Antagonistic and Non-antagonistic
Argumentation
There is an basic difference between
antagonistic
and non-antagonistic argumentation: The goals of
antagonistic
argumentation are
usually:
-
promoting, increasing, and taking advantage of
disunity among opponents and their allies,
-
seeking verbal and material dominance, pushing
opponents out of the way,
-
bringing about psychological, verbal and physical
confusion and demobilization of opponent forces,
-
causing the disruption, neutralization and
ultimate elimination and disbanding of opponent forces,
-
creating favorable conditions for ultimate total
material victory for yourself and allies.
-
Antagonism may start out as rhetorical but
often ends up very material: In antagonistic argumentation, you try
to
accuse, discredit, indict, convict, impeach, defeat,
eliminate
or sometimes even kill the opponent.
Antagonistic argumentation is a loaded
weapon.

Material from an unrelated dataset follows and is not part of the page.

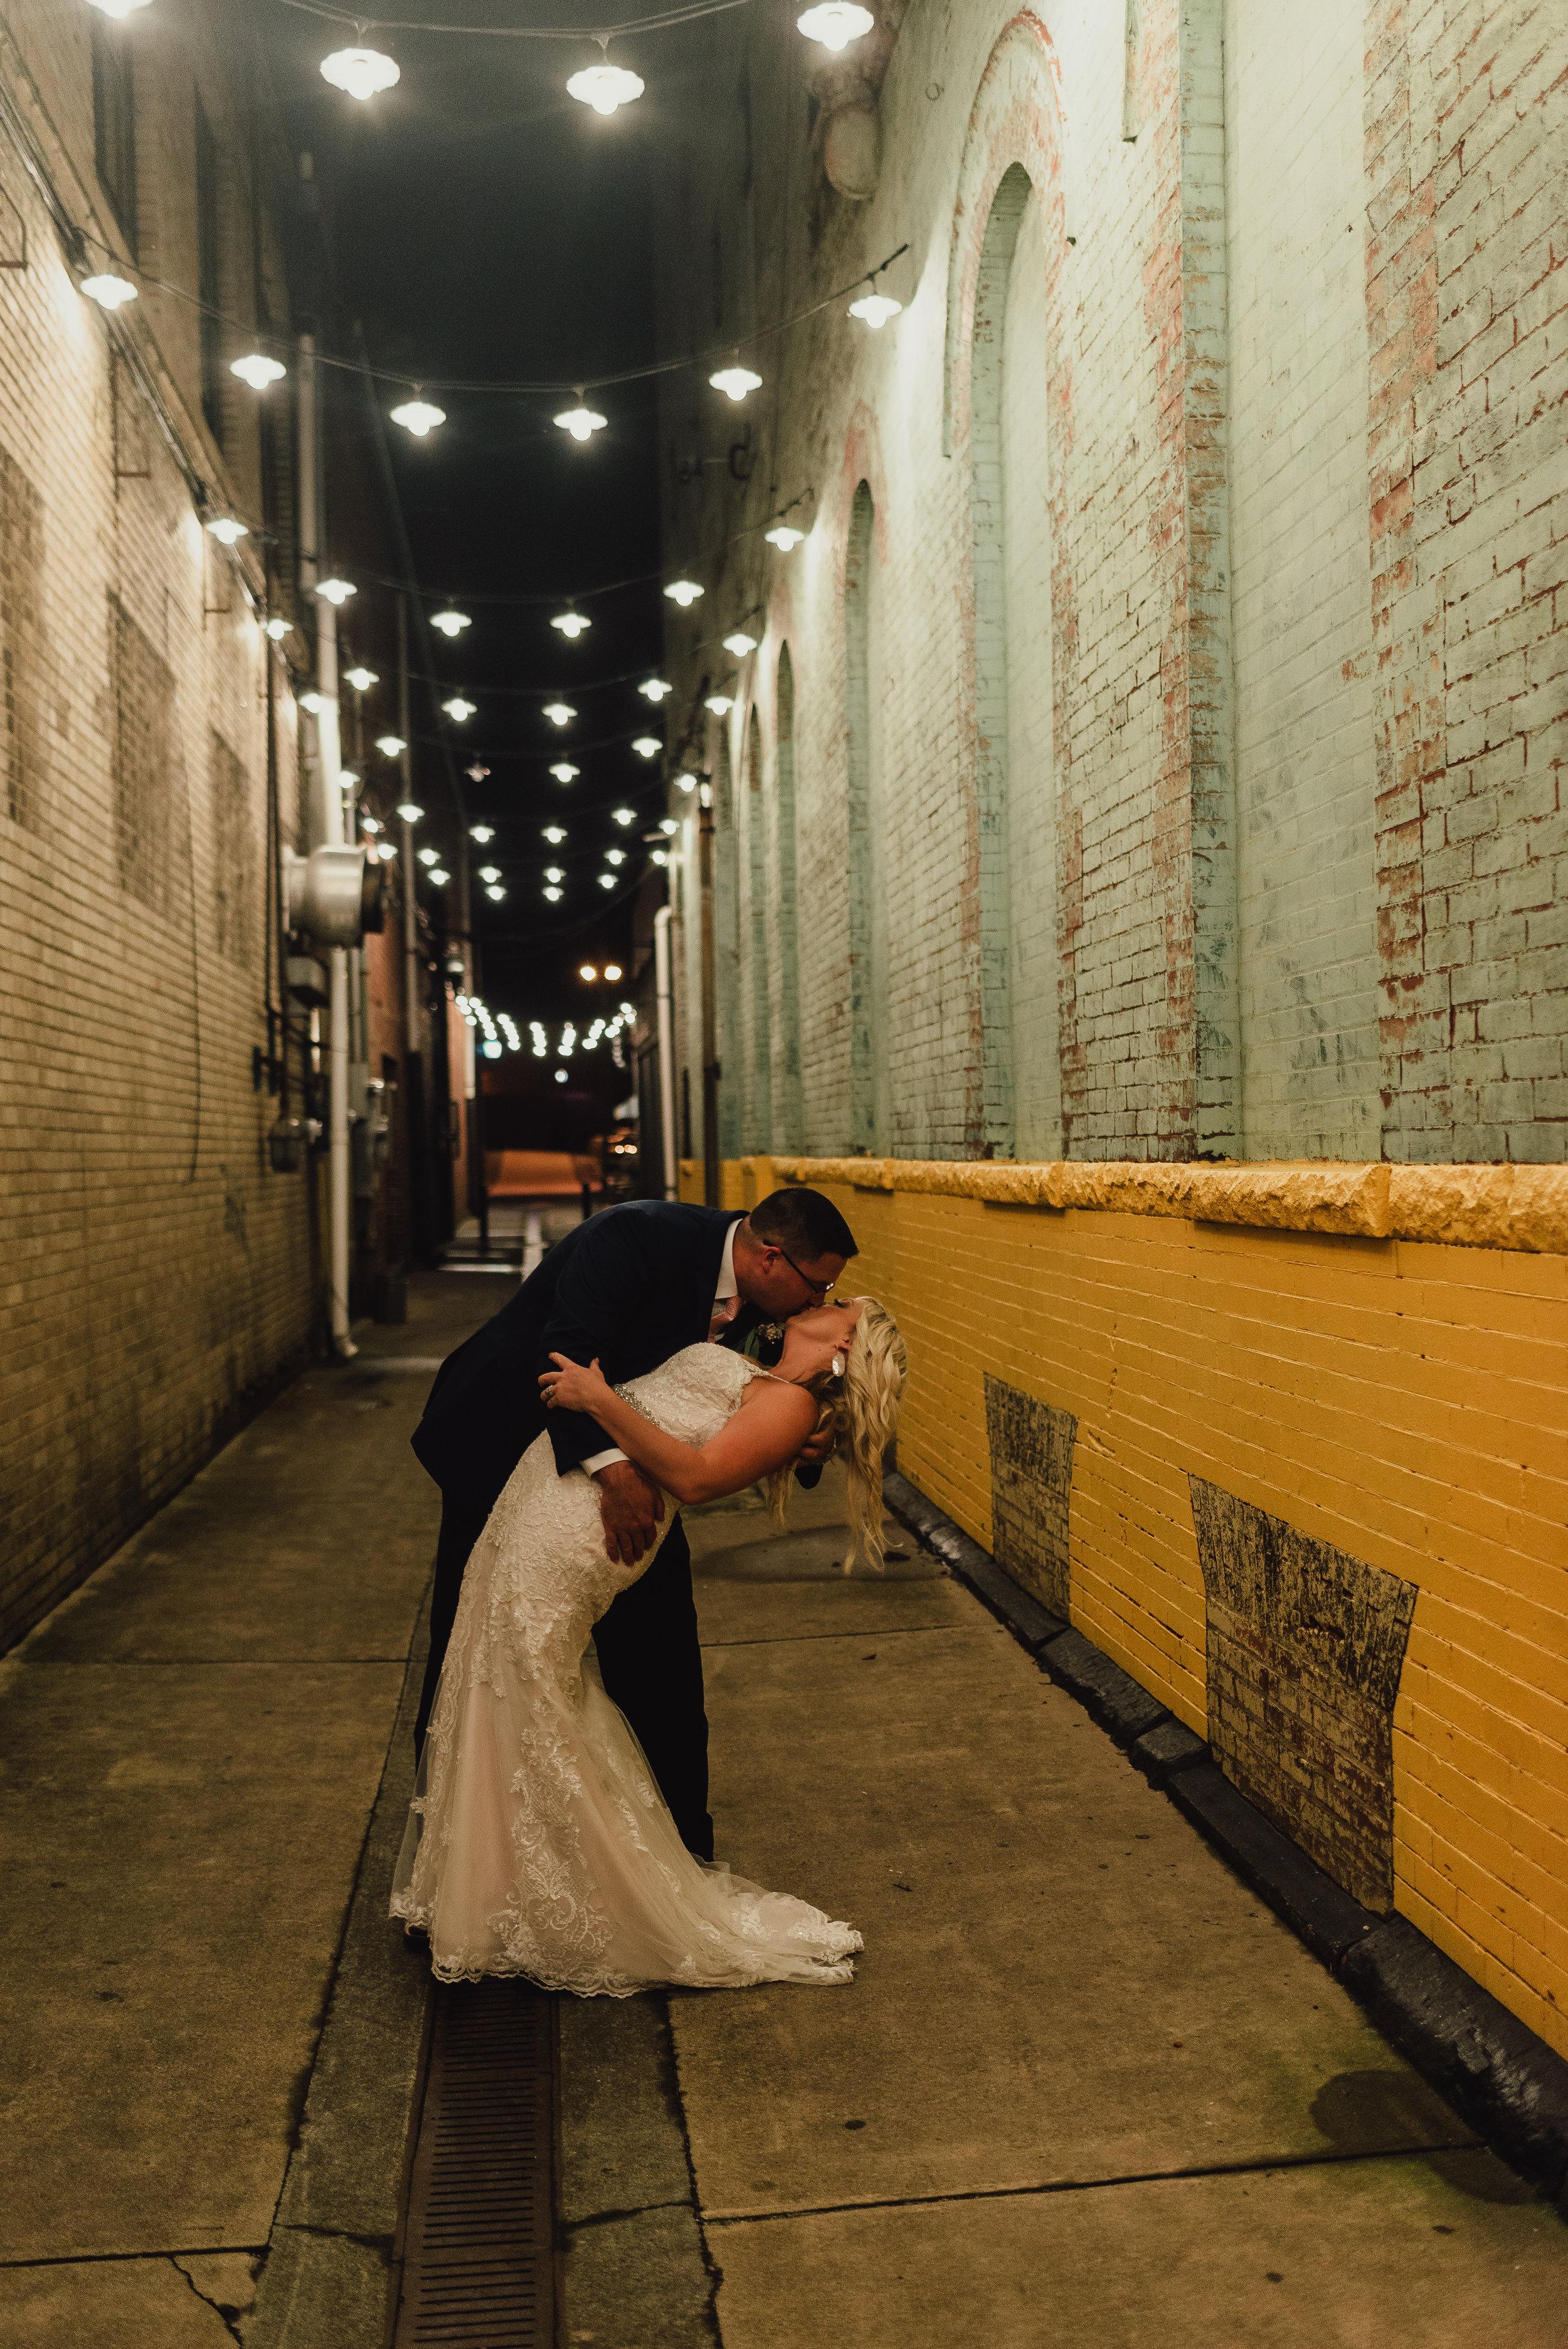 east-tn-wedding-photographer-tennessee-elopement-photographer-kingsport-tn-wedding-photographer (882 of 1001).jpg

Never point it at someone unless you intend to destroy them!
Non-antagonistic differences are sometimes
material, but are always most appropriately settled by
discursive (rhetorical) means:
- seeking unity,
- practicing respect and mutual support,
- understanding, consciousness-raising and
compassion,
- seeking peace and reconciliation,
- democracy,
- free and open discussion and
- finding ways of working together toward
the
common goal.
Cooperation builds.
Your task as a writer is to correctly determine
when each form of argument is appropriate, and when it is not.